* **Exercise**
Reproduce, exactly and in full, the lines from the one with "Camara digital reflex" through the one with "Anteprima: La neve" in the data below; drop pictures.

* **Data records**
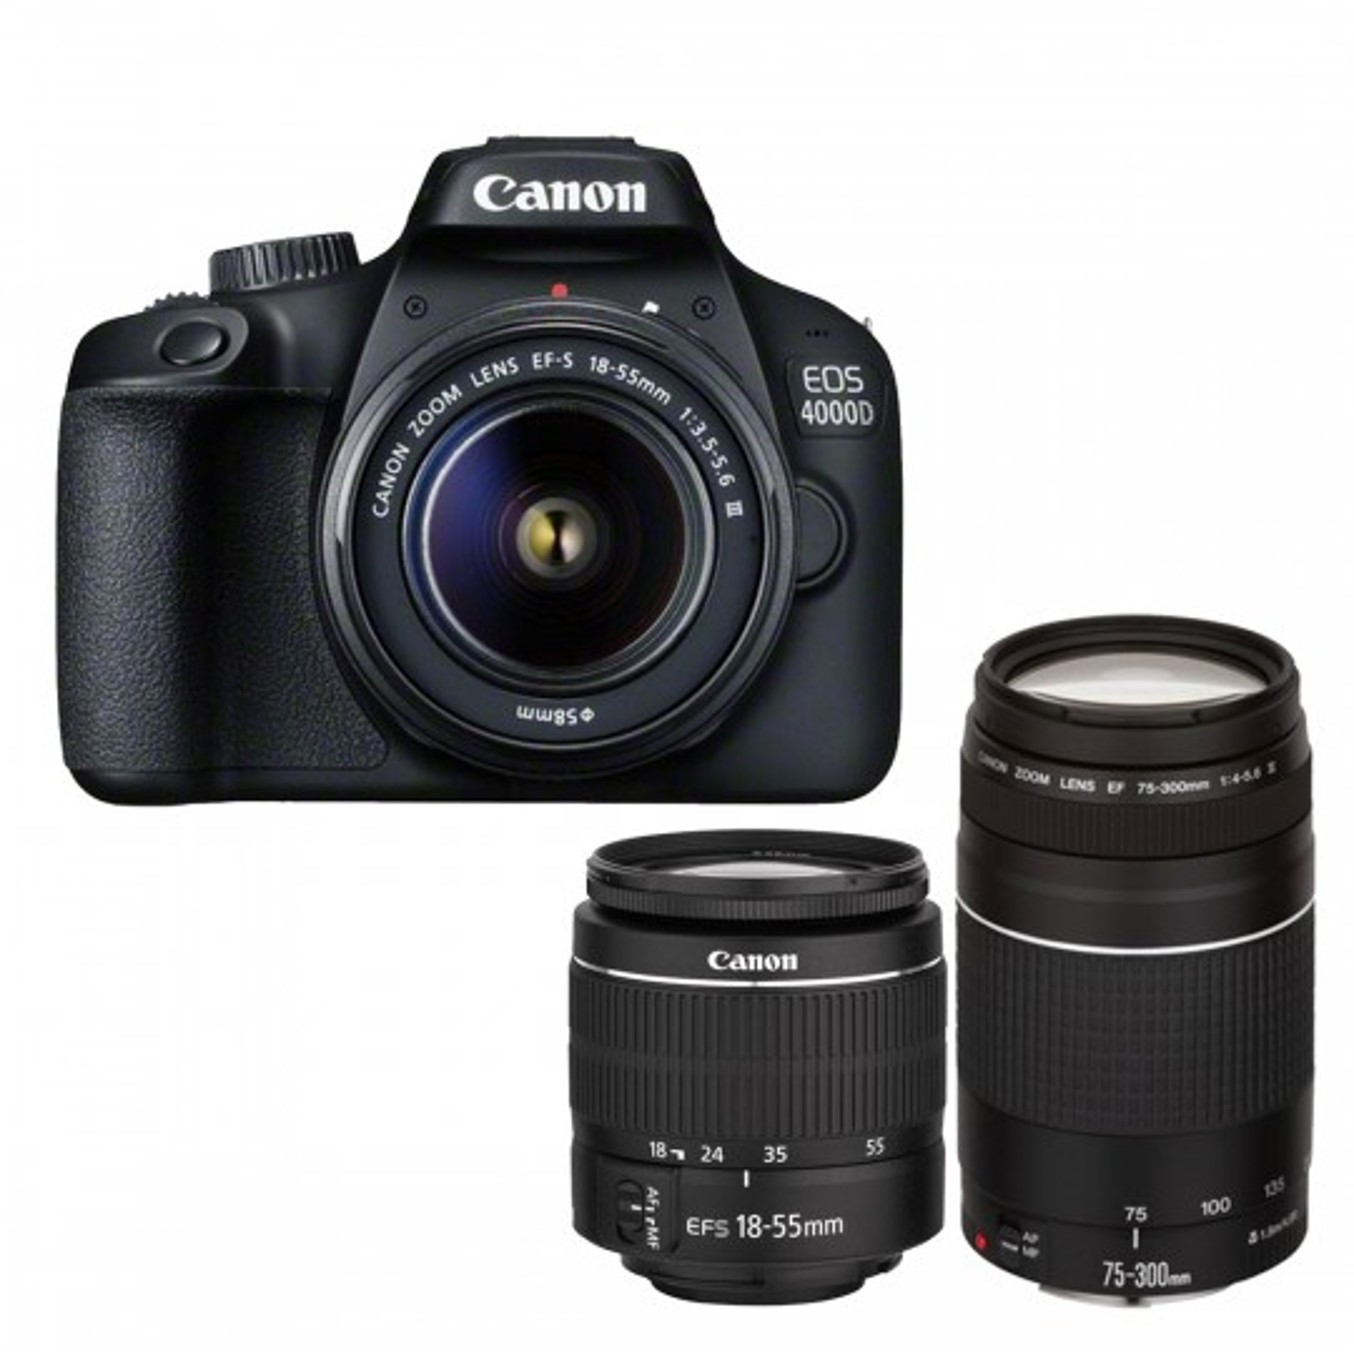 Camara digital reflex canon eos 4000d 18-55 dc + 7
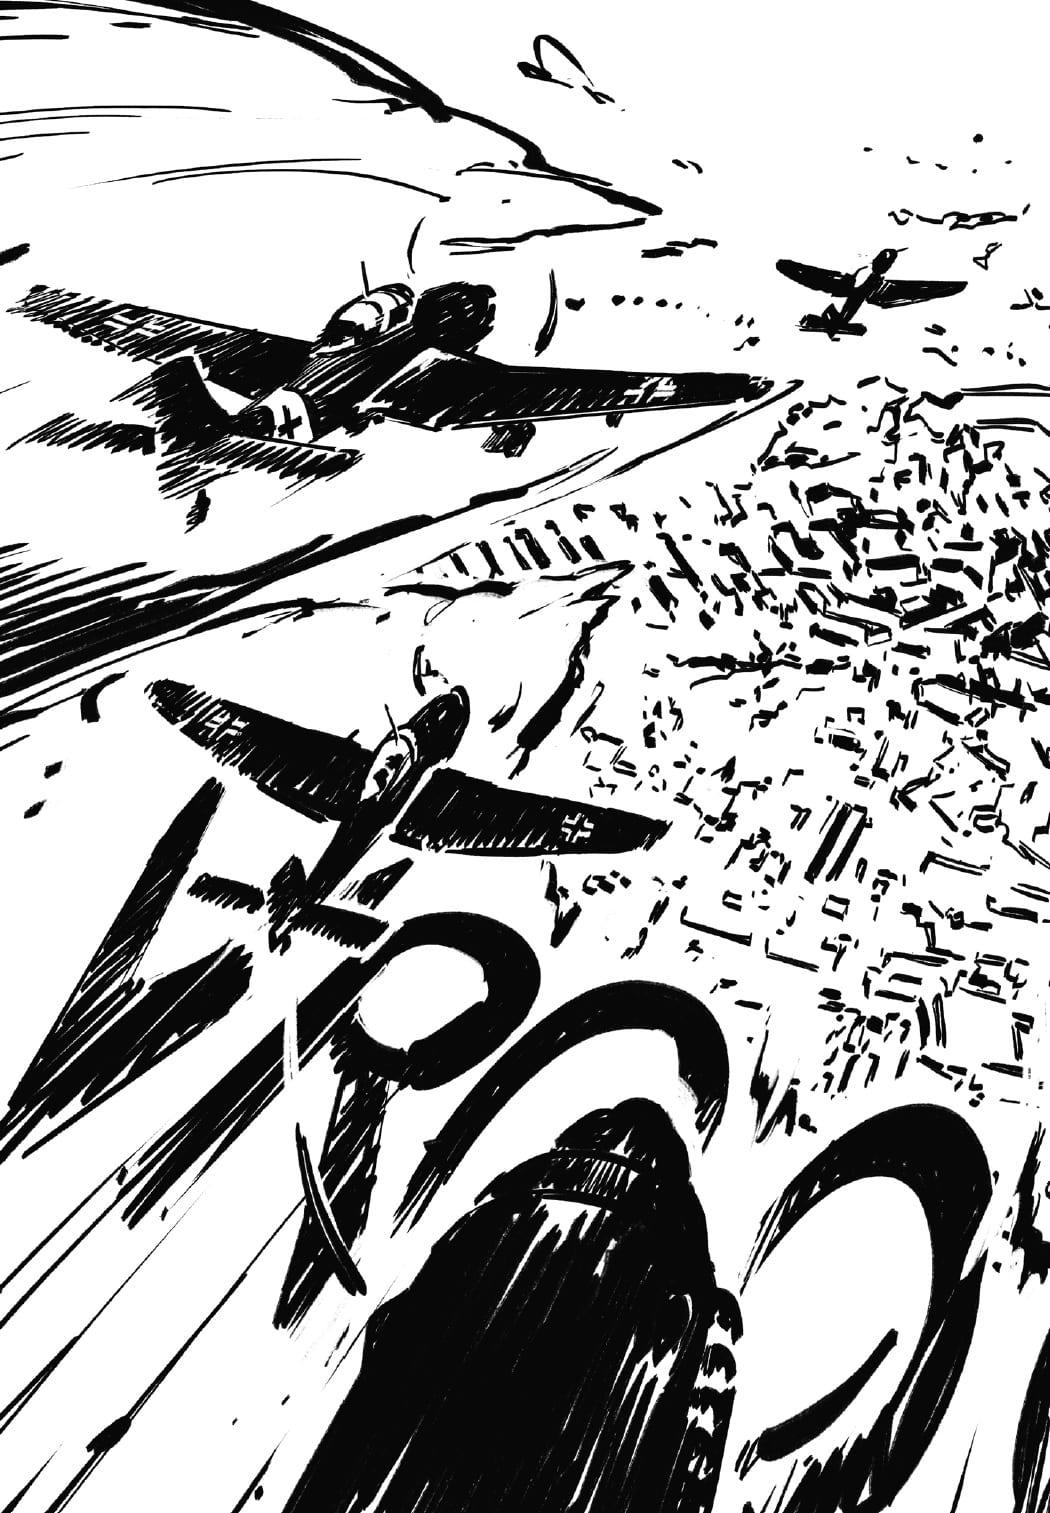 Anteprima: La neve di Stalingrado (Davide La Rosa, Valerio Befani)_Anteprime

==

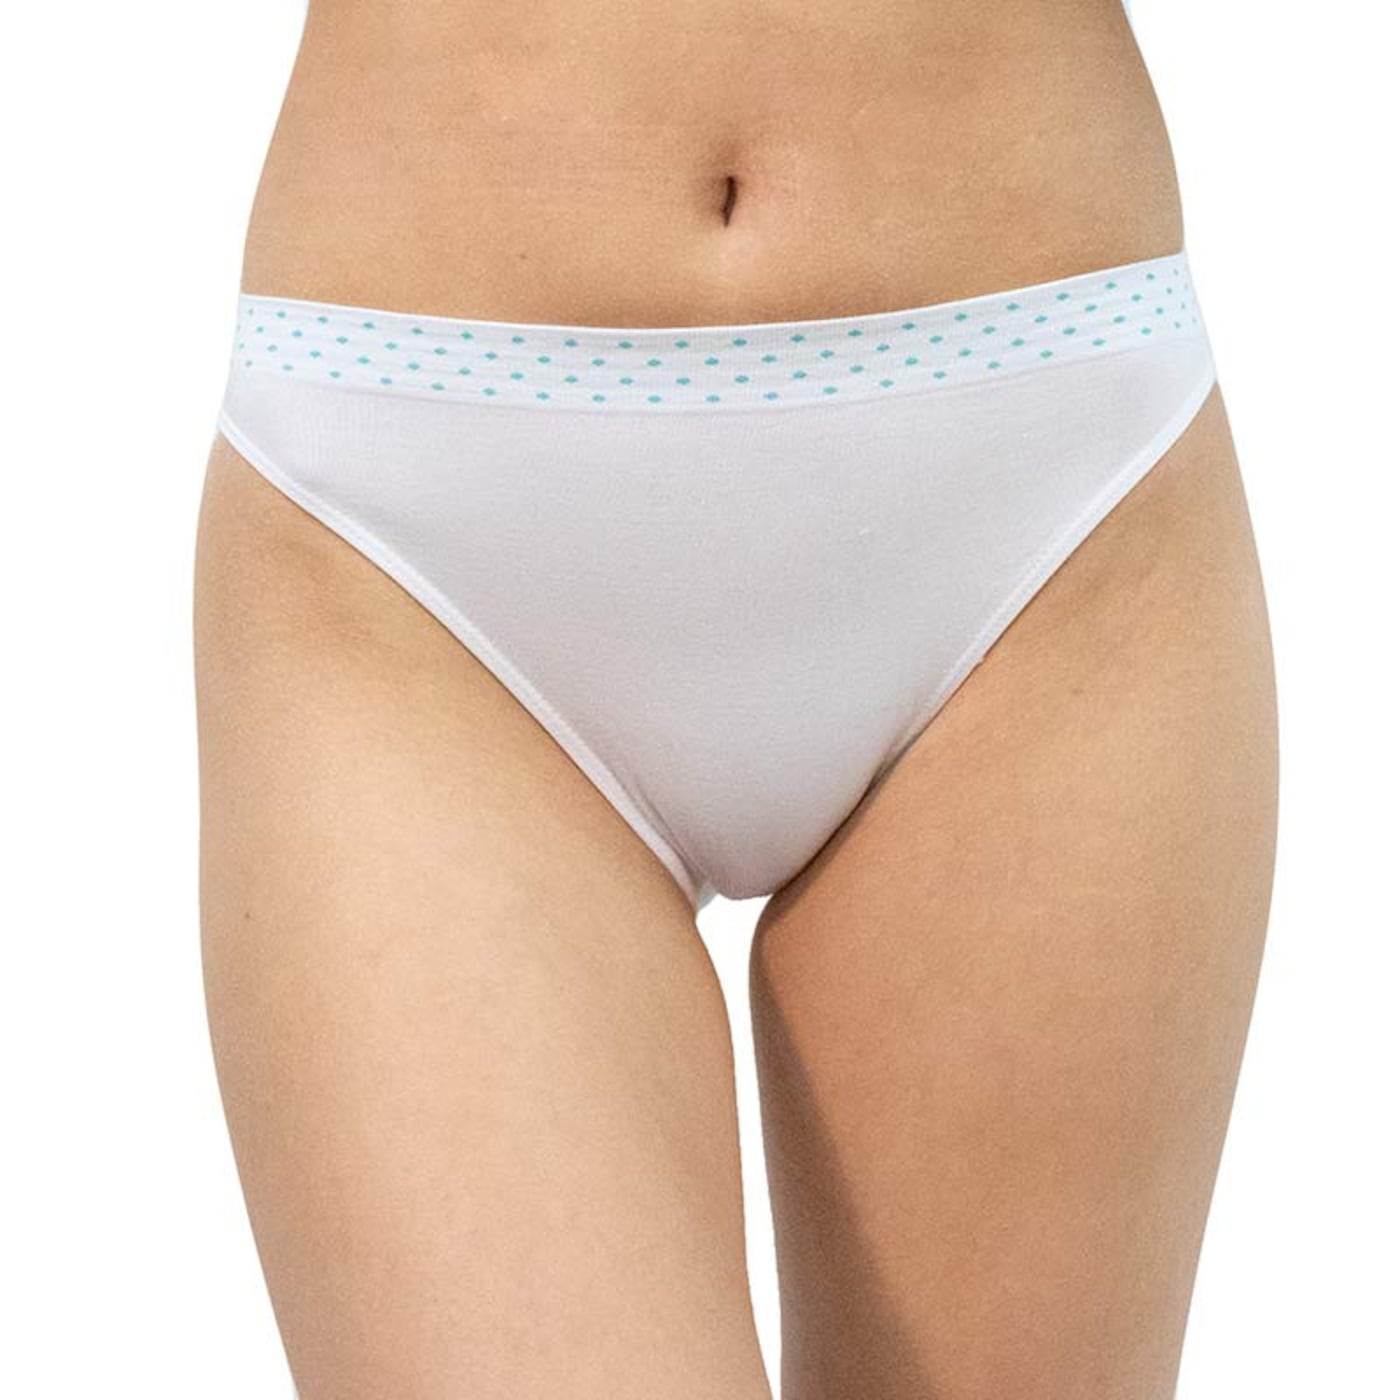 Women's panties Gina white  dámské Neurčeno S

* **Answer**
 Camara digital reflex canon eos 4000d 18-55 dc + 7
 Anteprima: La neve di Stalingrado (Davide La Rosa, Valerio Befani)_Anteprime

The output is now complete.